- _YOUR GOAL_:
Could you restate word for word the lines running from the one with "Travelchair Mesh Folding Beach Chair" to the end of the data, both ends included, but without pictures?
- Opening Delimiter -
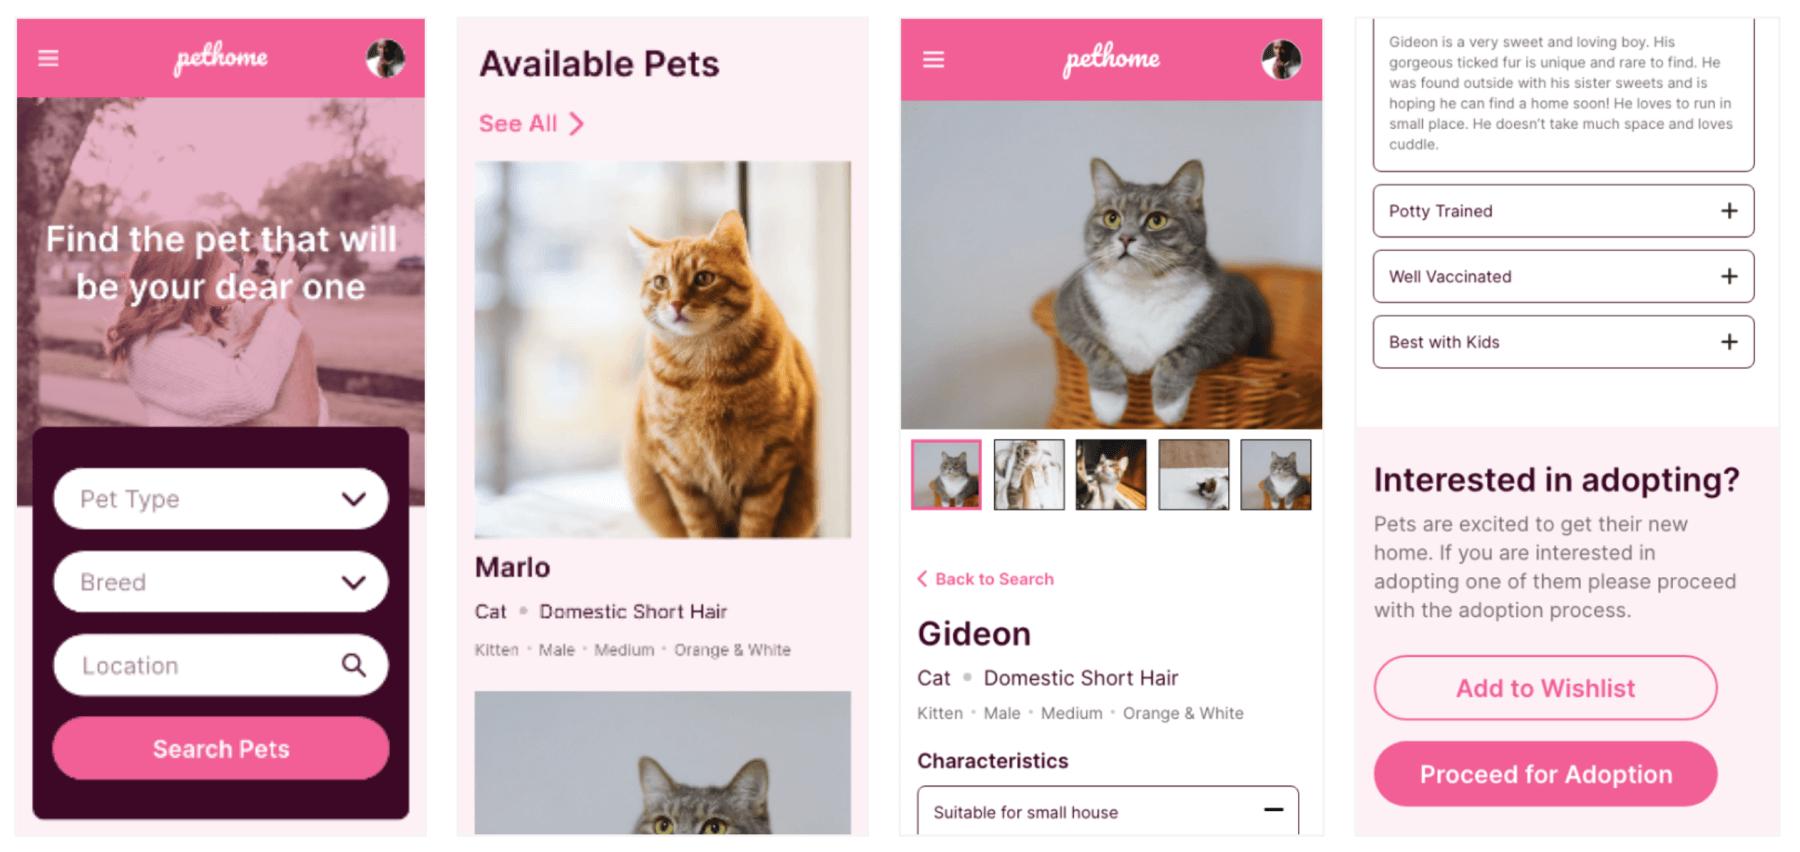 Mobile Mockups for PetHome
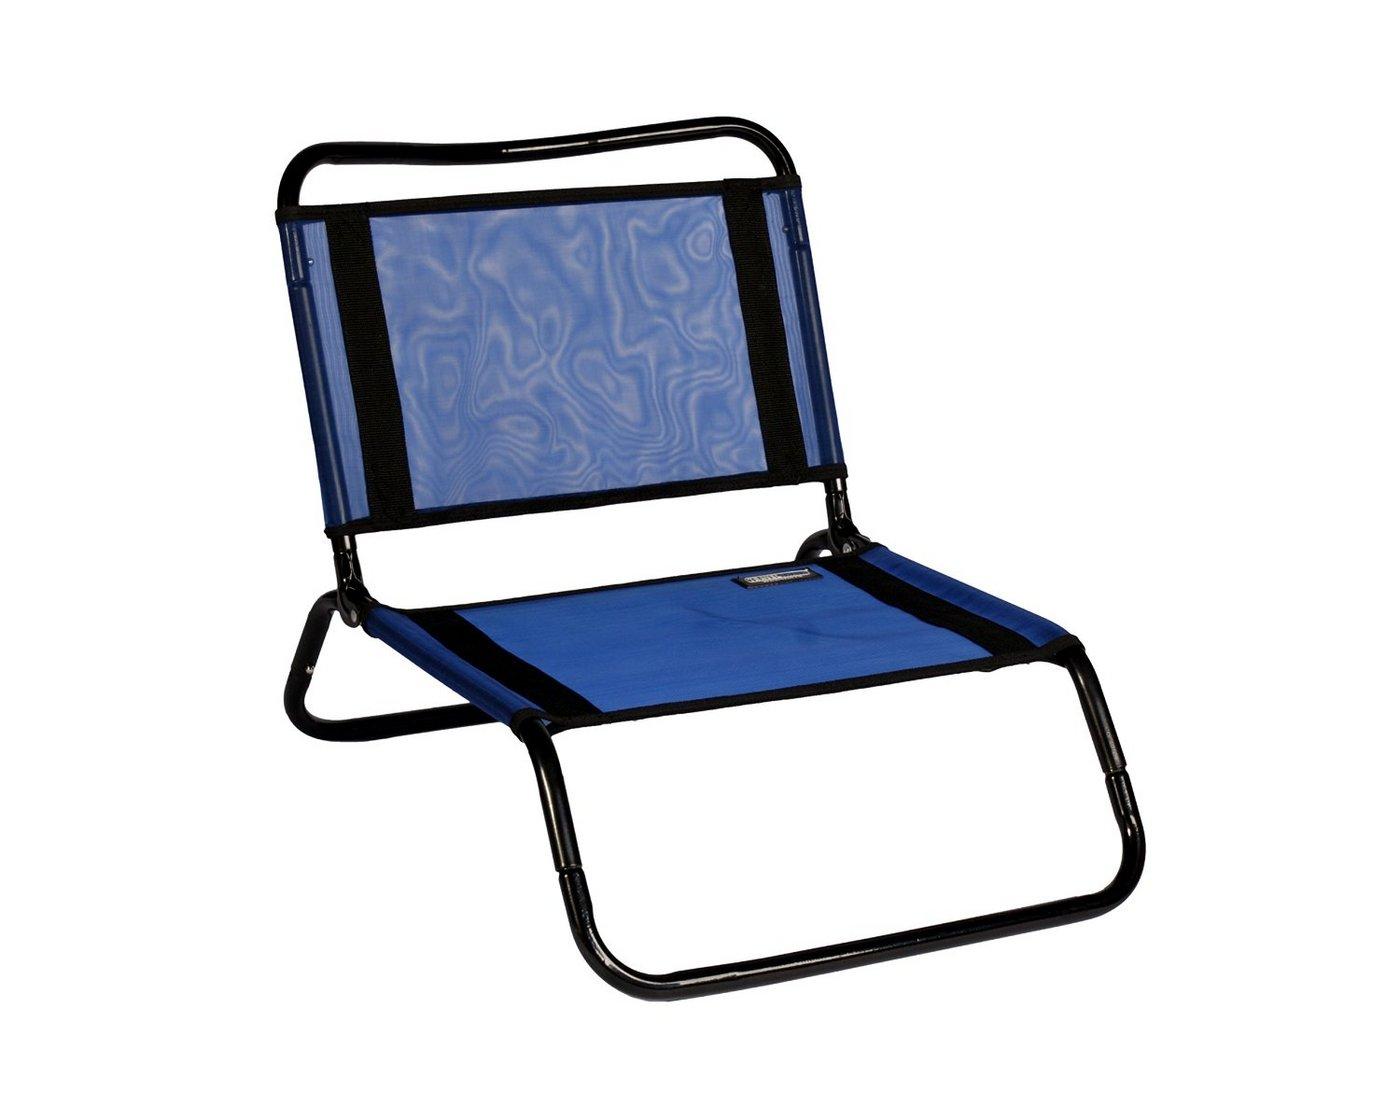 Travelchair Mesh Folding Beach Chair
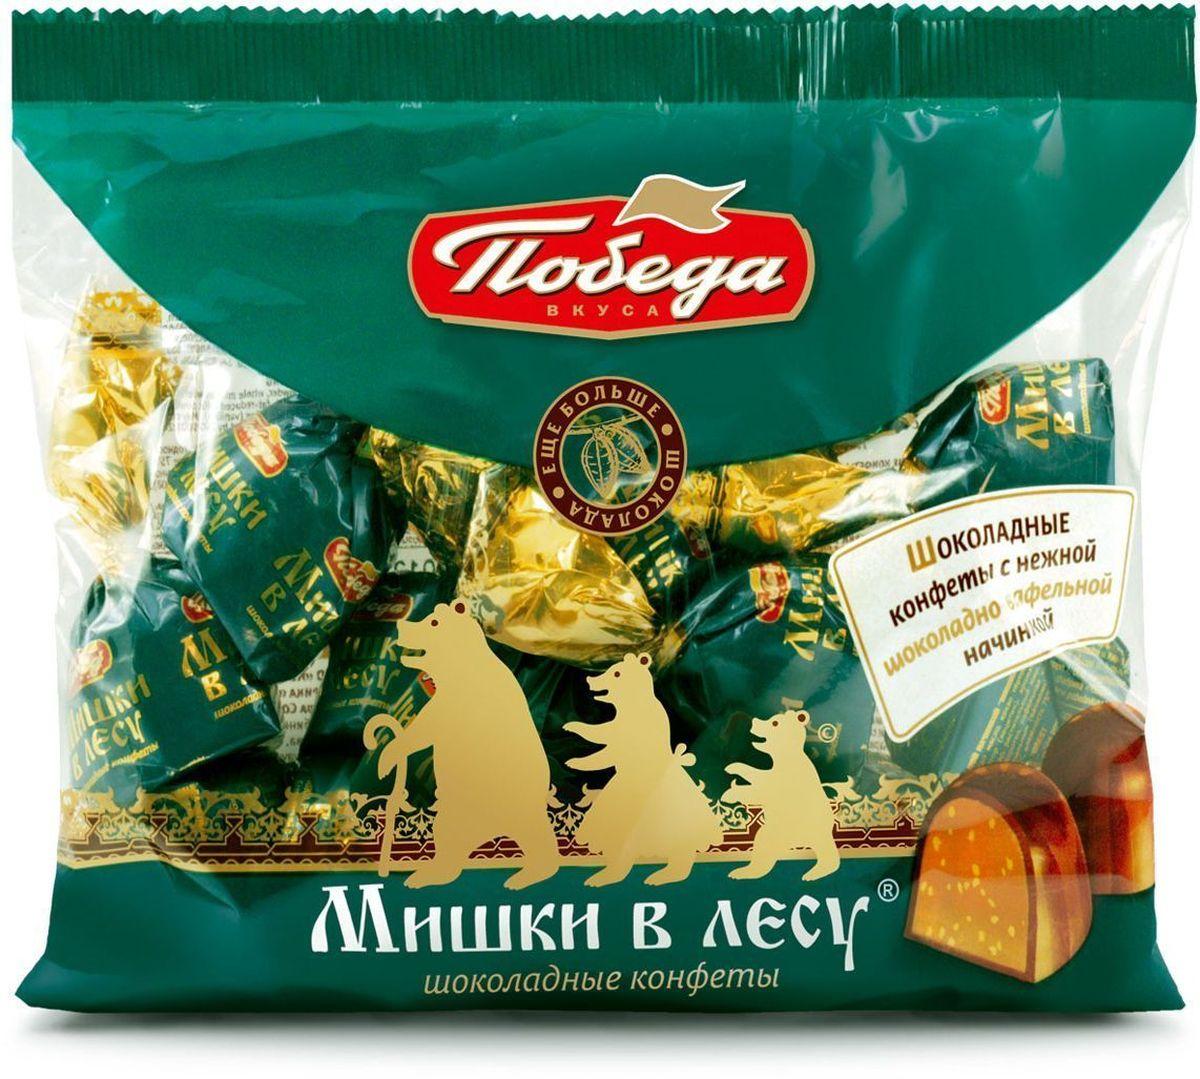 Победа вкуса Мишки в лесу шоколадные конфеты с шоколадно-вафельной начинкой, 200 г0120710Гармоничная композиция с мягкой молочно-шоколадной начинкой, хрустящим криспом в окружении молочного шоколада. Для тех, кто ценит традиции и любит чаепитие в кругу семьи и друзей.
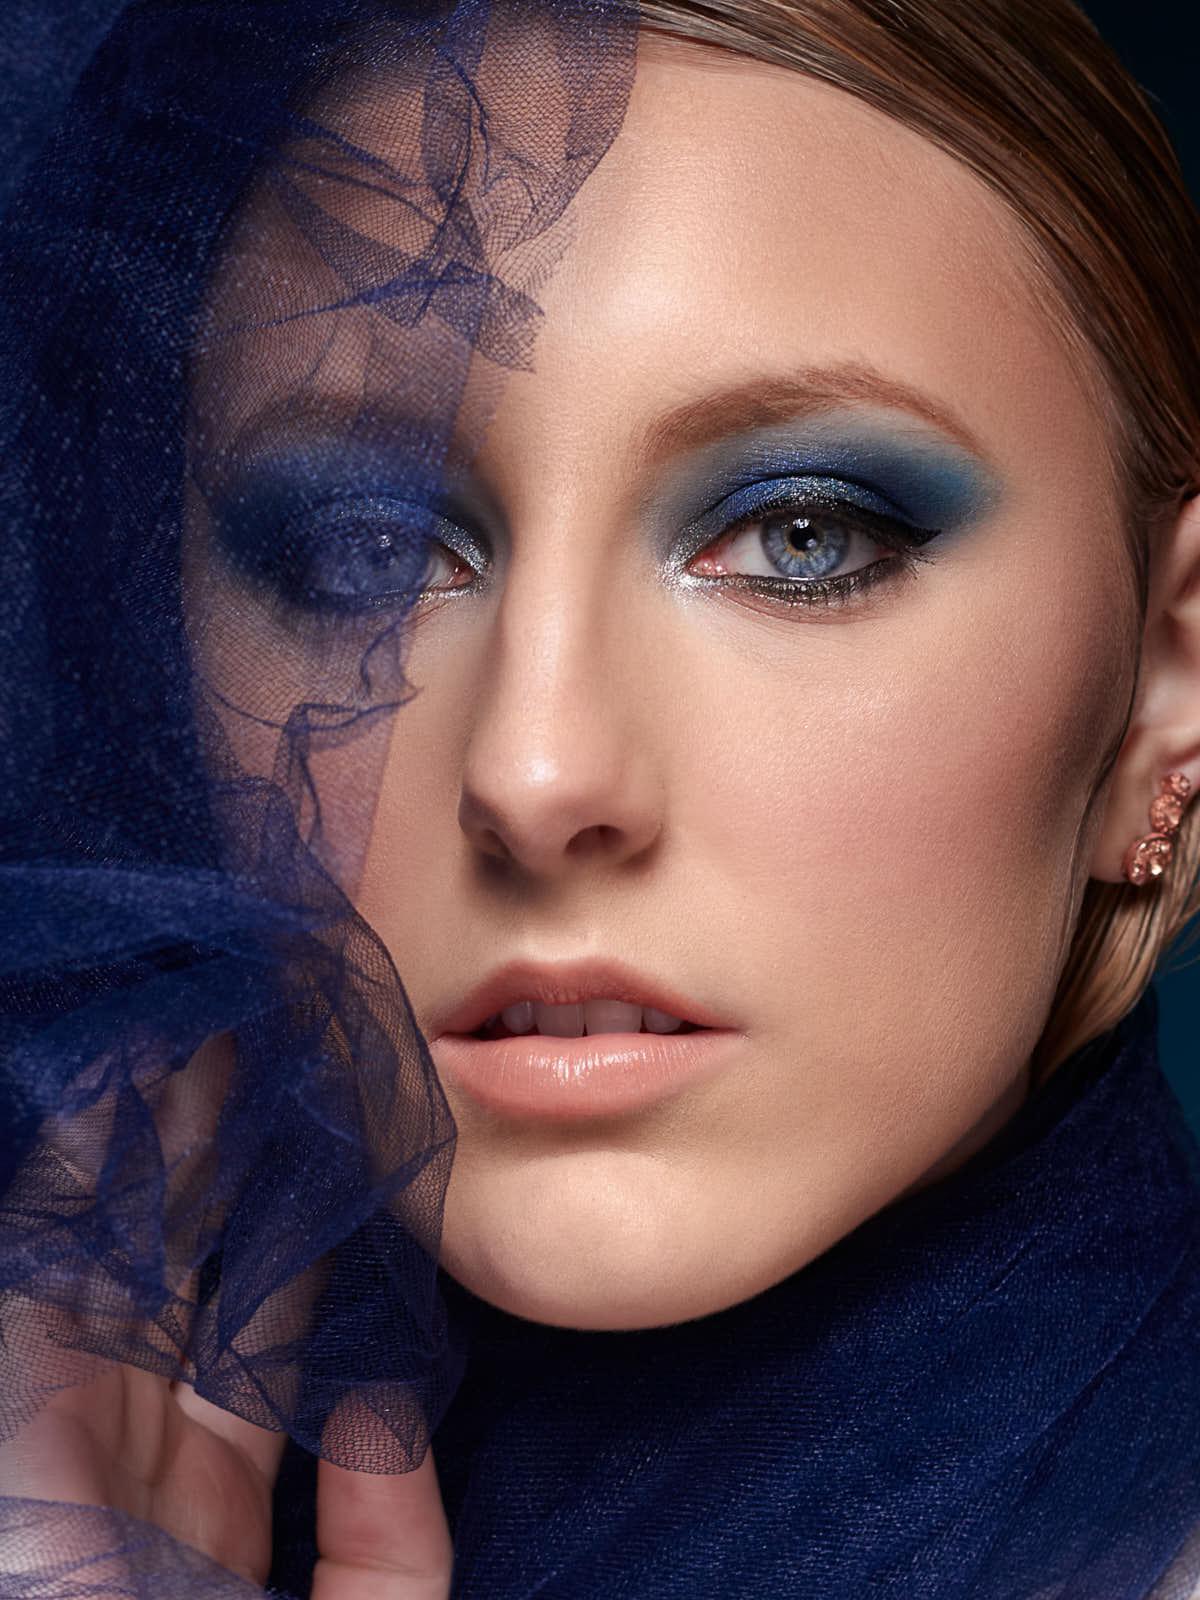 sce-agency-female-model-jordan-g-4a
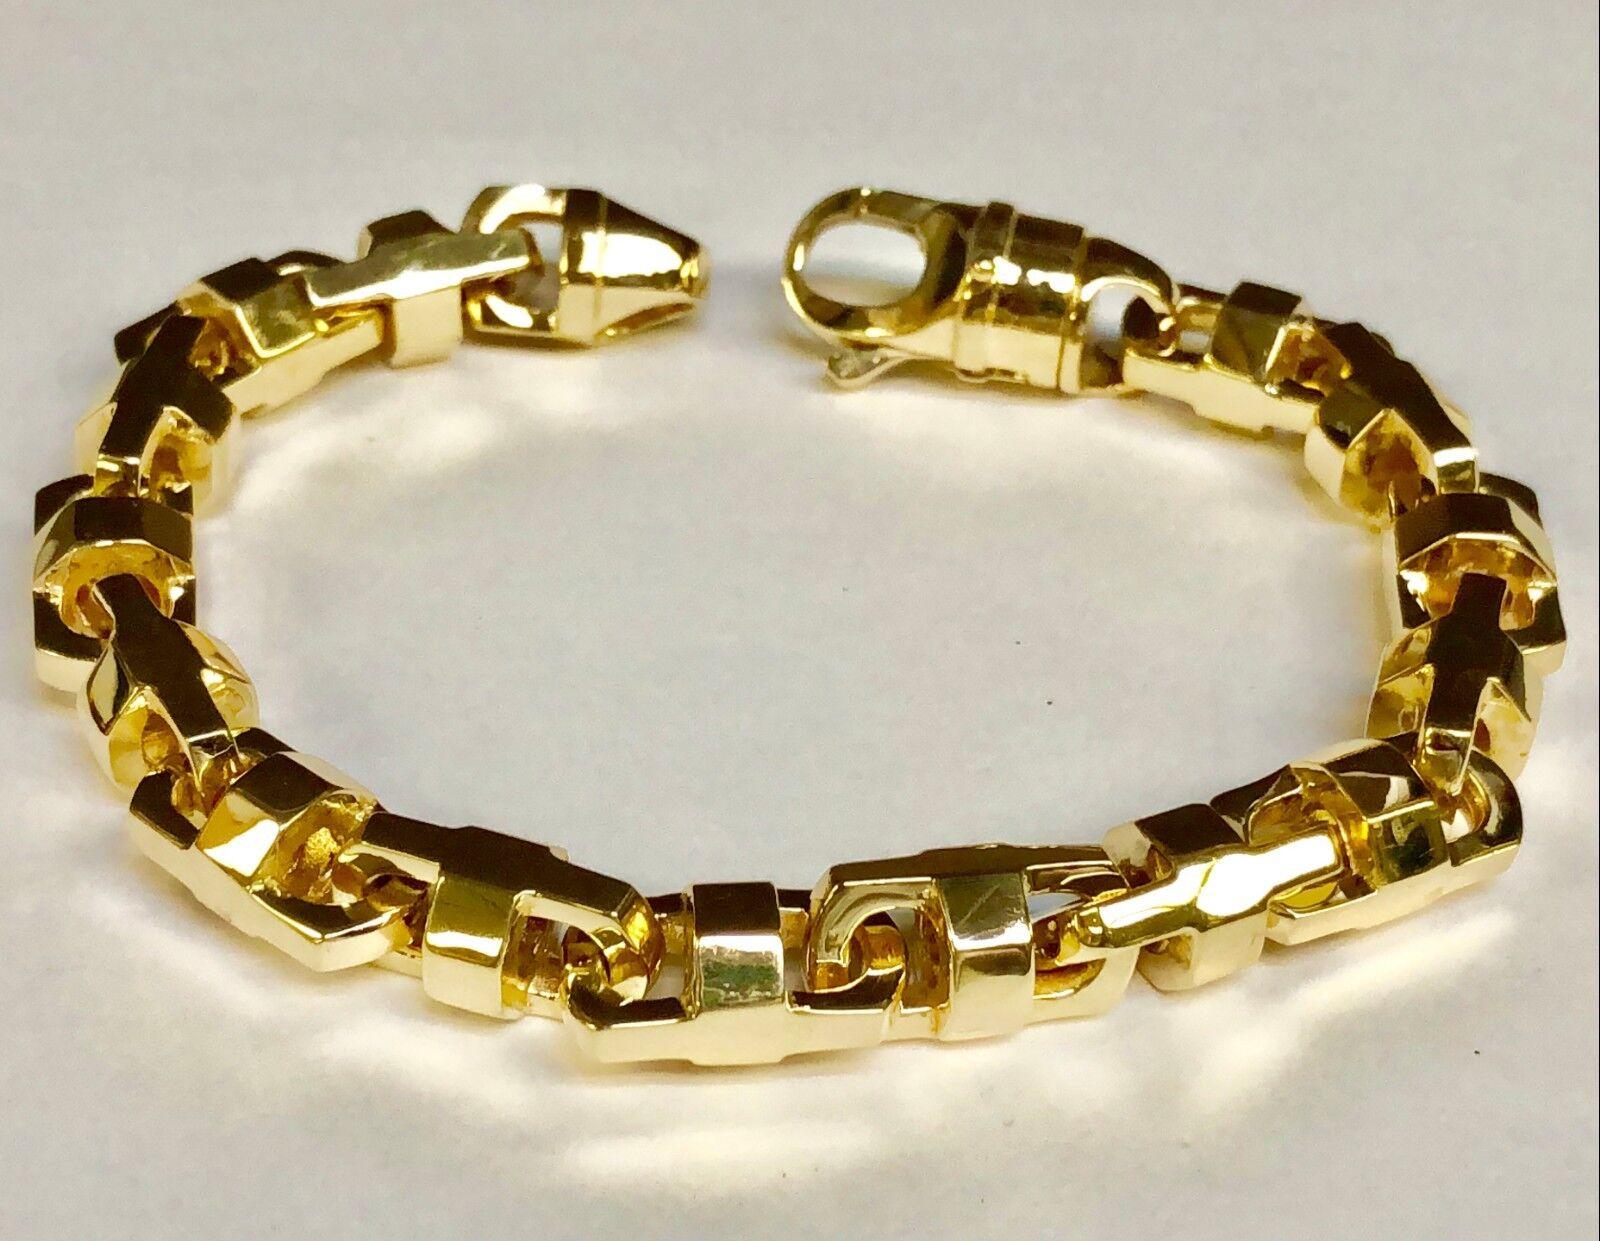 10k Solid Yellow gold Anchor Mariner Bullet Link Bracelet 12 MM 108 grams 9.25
- Closing Delimiter -
- _OUTPUT FOR THIS TASK_:
 Travelchair Mesh Folding Beach Chair
 Победа вкуса Мишки в лесу шоколадные конфеты с шоколадно-вафельной начинкой, 200 г0120710Гармоничная композиция с мягкой молочно-шоколадной начинкой, хрустящим криспом в окружении молочного шоколада. Для тех, кто ценит традиции и любит чаепитие в кругу семьи и друзей.
 sce-agency-female-model-jordan-g-4a
 10k Solid Yellow gold Anchor Mariner Bullet Link Bracelet 12 MM 108 grams 9.25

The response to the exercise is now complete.